The process starts at an initial state $q_1$. Then, according to transition probabilities, we move between the states. We can compute the probability of a sequence of states by computing probability **intersections**:

$$ p(q_1, q_2, \cdots, q_T) = p(q_T \;|\; q_1, q_2, \cdots, q_{T-1}) * p(q_1, q_2, \cdots, q_{T-1})\\
p(q_1, q_2, \cdots, q_T) = p(q_T \;|\; q_1, q_2, \cdots, q_{T-1}) * p(q_{T-1} \;|\; q_1, q_2, \cdots, q_{T-2}) * p(q_1, q_2, \cdots, q_{T-2}) \\
p(q_1, q_2, \cdots, q_T) = p(q_1) * p(q_2\;|\;q_1) * p(q_3\;|\;q_1, q_2) * \cdots p(q_T\;|\;q_1, q_2, \cdots q_{T-1}) $$

In order to characterize the model, we need :
- The initial probability $p(q_1)$
- All the transition probabilities

Let's create a probability diagram given a state space composed by 4 elements, of how you might decide to spend a day! But before we do this, let's simplify the states so that they are *memoryless*. Let's see what we mean by *memoryless*..

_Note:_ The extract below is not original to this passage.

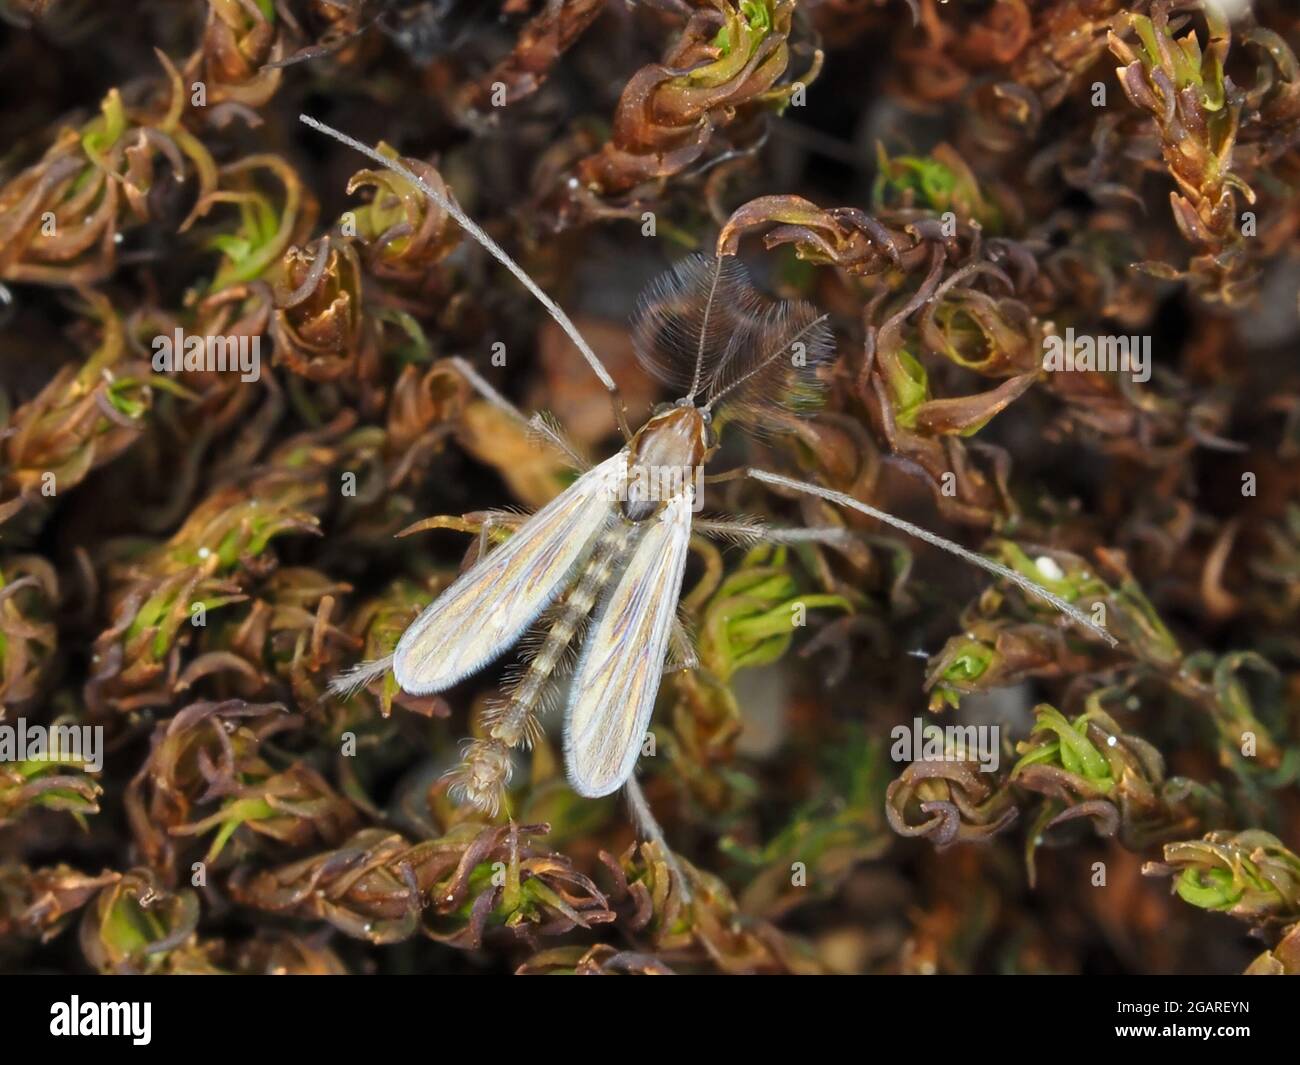 Minúsculo macho Chironomidae mediano, de aproximadamente 3mm de longitud, sin incluir las antenas Foto de stock

<div style="text-align: right; color: gray">3</div>

# Markov Chain (MC)

[Markov Chains](https://en.wikipedia.org/wiki/Markov_chain) are memoryless [state machines](https://en.wikipedia.org/wiki/Finite-state_machine). A Markov chain (or model) describes a stochastic process where the assumed probability of future state(s) depends **only** on the current process state and not on any the states that preceded it. In other words, our equation above simplifies to:

$$ p(q_1, q_2, \cdots, q_T) = p(q_1) * p(q_2\;|\;q_1) * p(q_3\;|\; q_2) * \cdots p(q_T\;|\; q_{T-1})\;\;\;\;\;\; (1)$$ 

Wait a second... is that true? Here we assume we went from state 1 to state 2 to state 3, to state 4, etc. But in fact, we could have gone from state 1 to state 3, then back to state 2, then over to state 4! So we really need to **sum** over all possible sequences (a *union* of probabilities)! So essentially: 

$$ p(q_i, \cdots, q_j) = p(q_i) \; \sum_{k=i}^j \; \Pi_{m=k}^j p(q_k\;|\;q_m) \;\;\;\;\;\; (2)$$

Markov Models, and especially Hidden Markov Models (HMM) are used for:
- Speech recognition
- Text recognition
- Object or face detection
- Economic Scenario Generation and specific Finance tasks
- NLP tasks 

In NLP. For example, we could have our state denote:
- 1 = Noun,
- 2 = Verb,
- 3 = Adjective…

And we would be interested in the probabilities to have a verb follow a noun for example.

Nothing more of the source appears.